Lets examine ctid values from sample table:

$ SELECT ctid FROM reports_cache ORDER BY data LIMIT 10;

  ctid
---------
 (6,60)
 (10,91)
 (11,72)
 (20,8)
 (36,52)
 (42,12)
 (49,78)
 (52,37)
 (54,48)
 (59,73)

As we see these rows live on different blocks.

In case of querying range of dates index scan is usually used. A B+-tree index in fact keeps values ordered, so in terms of block reads the index scan acts similarly to ORDER BY clause used in the example.

If rows were physically ordered by date, we would expect shorter read time due to minimize seek time, utilize on-disc cache and probably operating system cache at I/O level.

PostgeSQL supports command CLUSTER that reorders tuples according to given index, for example:

CLUSTER my_table USING date_index

But this dubles work, i.e first we have to fill a table, then cluster data. When the table is built from scratch, we can achive same effect using ORDER BY on query building data:

CREATE reports_cache_ordered (LIKE reports_cache);

INSERT INTO reports_cache_ordered (SELECT * FROM reports_cache ORDER BY date);

Let's examine ctid for this table:

$ SELECT ctid FROM reports_cache_ordered ORDER BY data LIMIT 10;

  ctid
--------
 (0,1)
 (0,2)
 (0,3)
 (0,4)
 (0,5)
 (0,6)
 (0,7)
 (0,8)
 (0,9)
 (0,10)

Now rows are saved on disc in date order.

Experiments

There are two tables:

Simple reads

Following query was examined:

SELECT * FROM table
 ORDER BY date
 LIMIT parameter1
OFFSET parameter2

Each query was executed 5 times and best running time was considered.

parameters cache table time [ms] ordered table time [ms] ordered table speedup [%]
LIMIT OFFSET
100 0 0.194 0.154 25.97
1000 0 0.696 0.394 76.65
10000 0 66.027 3.691 1688.86
20000 0 126.459 7.578 1568.76
50000 0 290.584 21.259 1266.88
100 100000 539.982 28.405 1801.01
1000 100000 546.095 22.566 2319.99
10000 100000 598.351 27.031 2113.57
20000 100000 654.423 30.171 2069.05
50000 100000 824.982 43.018 1817.76
100 200000 1069.146 45.186 2266.10
1000 200000 1074.740 45.423 2266.07
10000 200000 1129.873 48.953 2208.08
20000 200000 1183.656 52.939 2135.89
50000 200000 1350.786 64.667 1988.83

Aggregation

In this experiment more complicated query was examined:

SELECT
        idx1,
        COUNT(count1),
        COUNT(count2),
        COUNT(count3),
        COUNT(count4)
 FROM
        table
 WHERE
        date BETWEEN start_date AND end_date
 GROUP BY idx1

Each query was executed 5 times and best running time was considered.

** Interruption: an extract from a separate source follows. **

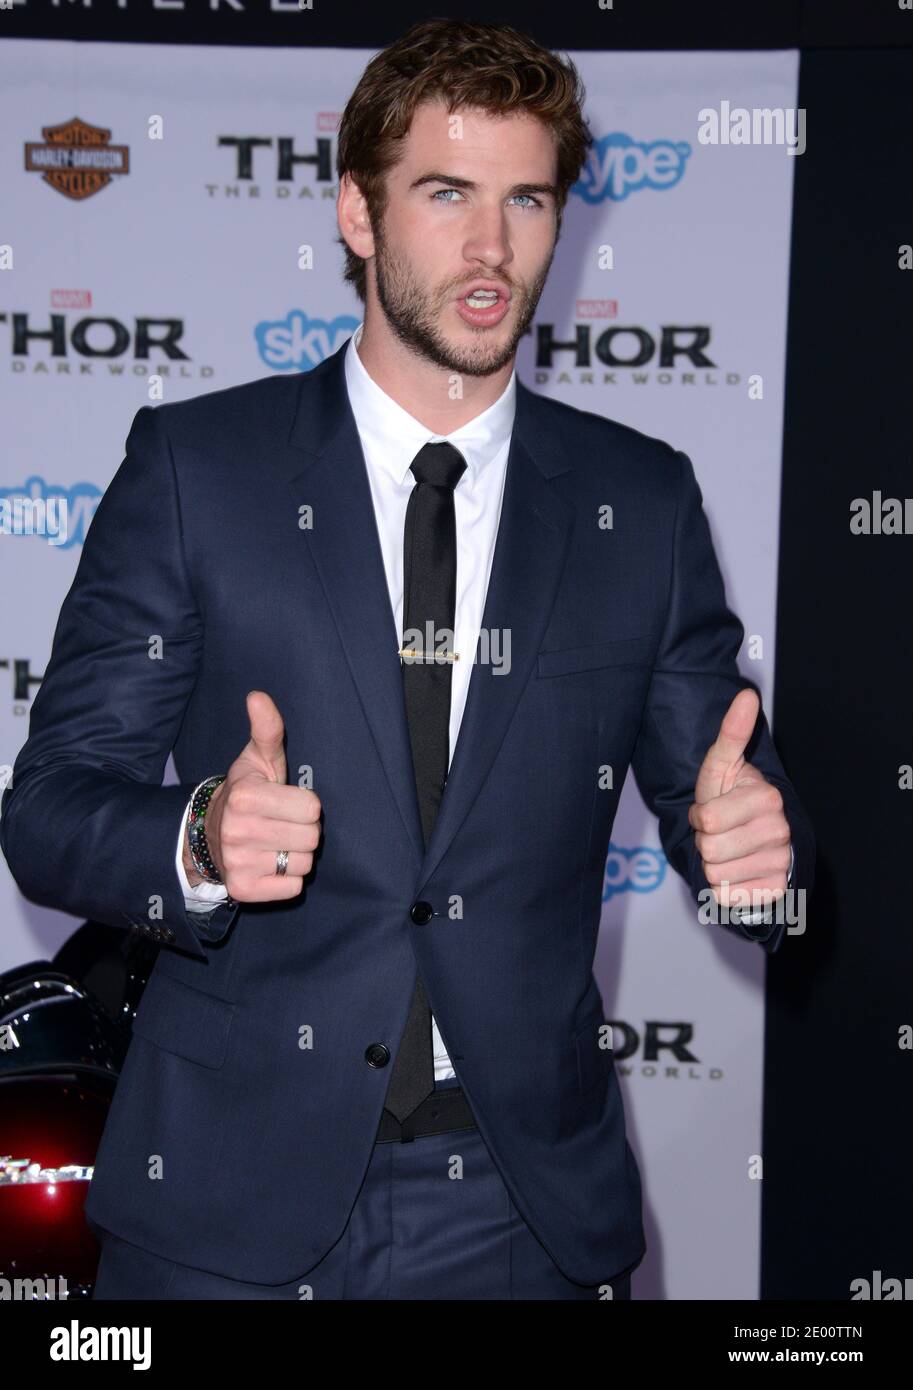 Liam Hemsworth kommt zur Premiere von Marvels 'Thor: The Dark World' am 4. November 2013 im El Capitan Theatre in Los Angeles, CA, USA. Foto von Lionel Hahn/ABACAPRESS.COM Stockfoto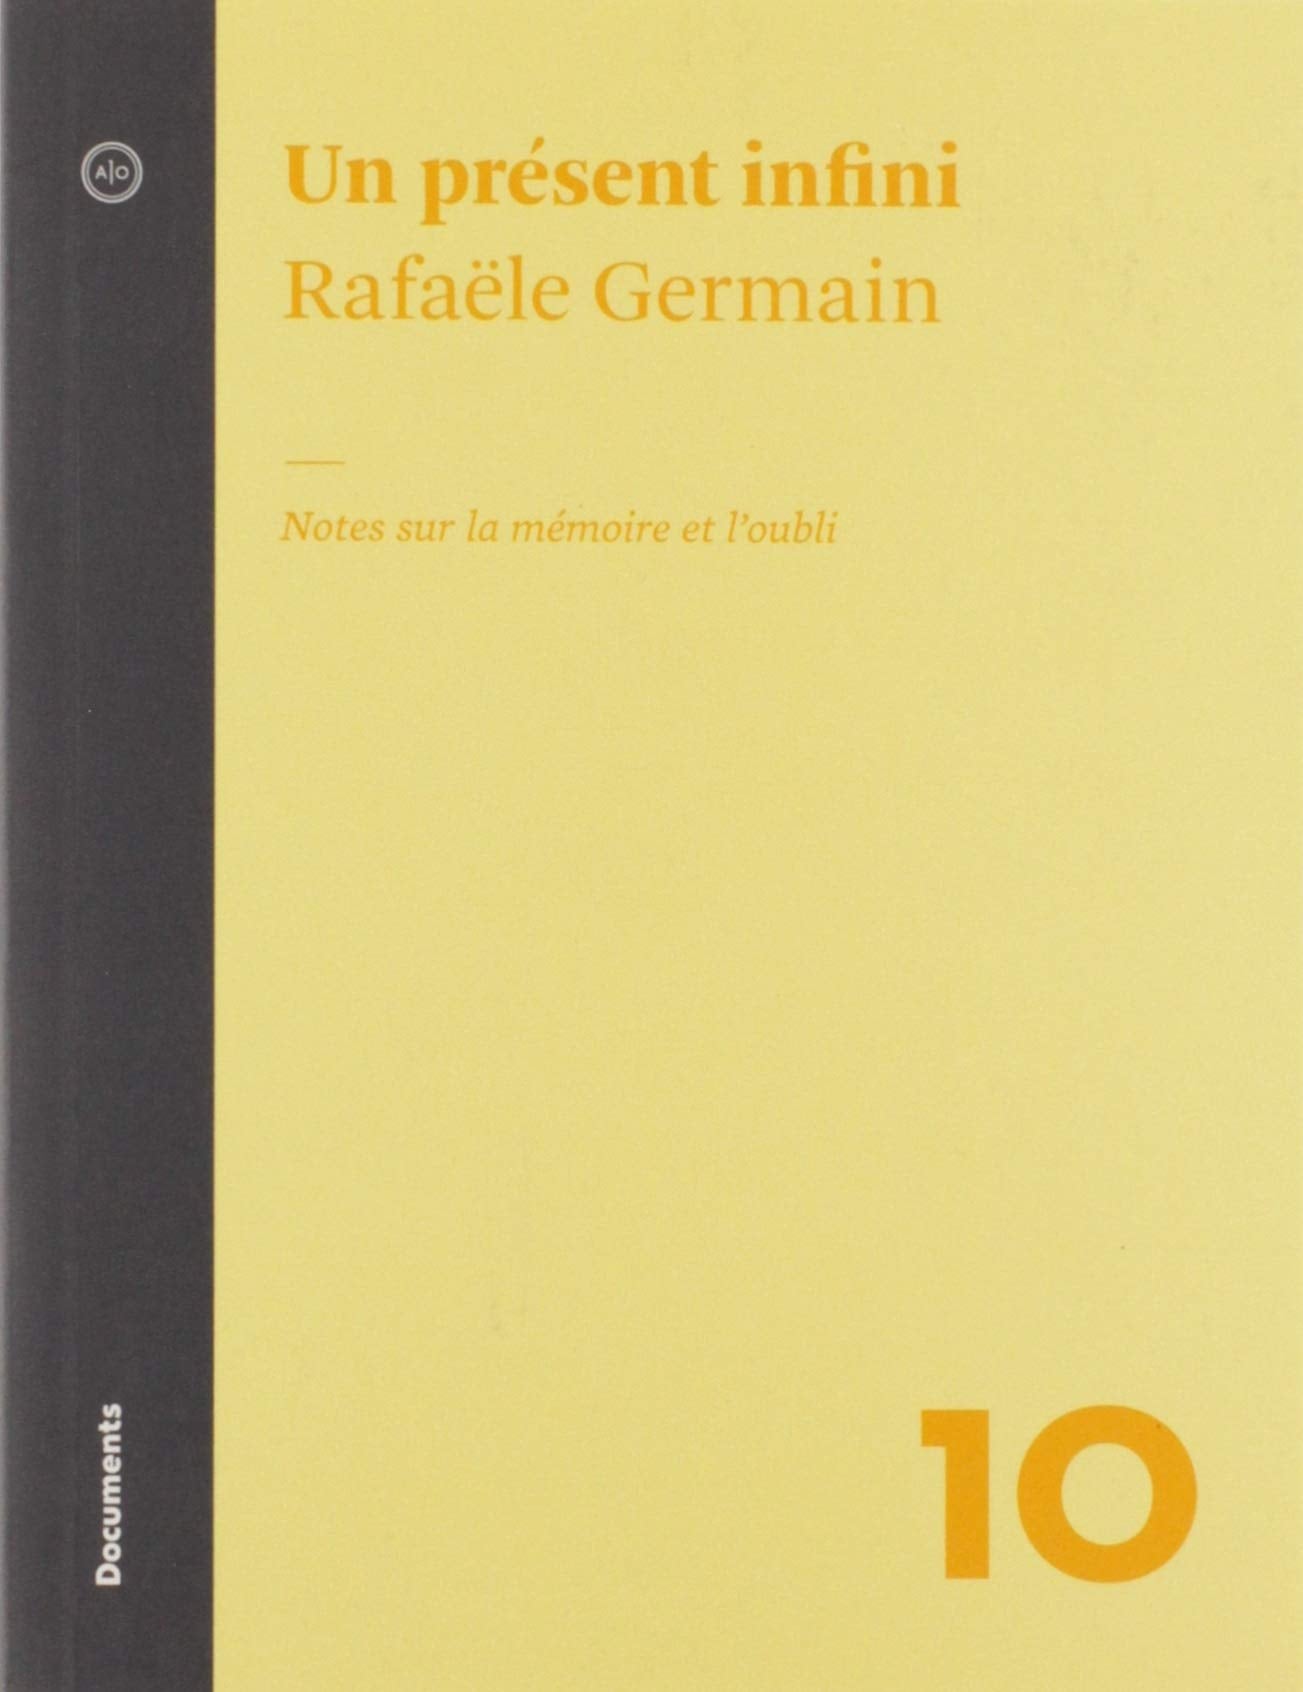 Livre ISBN 2897591943 Un présent infini : Note sur la mémoire et l'oubli (Rafaële Germain)

parameters cache table time [ms] ordered table time [ms] ordered table speedup [%]
start date end date days
2011-01-01 2011-02-01 31 105.981 24.267 336.73
2011-01-01 2011-03-01 59 127.806 46.871 172.68
2011-01-01 2011-06-01 151 188.580 113.715 65.84
2011-01-01 2011-09-01 243 252.568 180.529 39.90
2011-01-01 2012-01-01 365 340.549 275.296 23.70
2011-01-01 2013-01-01 731 629.485 624.822 0.75

Summary

So, is it worth of play? Definitively yes in scenario described in the beginning, it cost just one ORDER BY clause in a query executed once per day.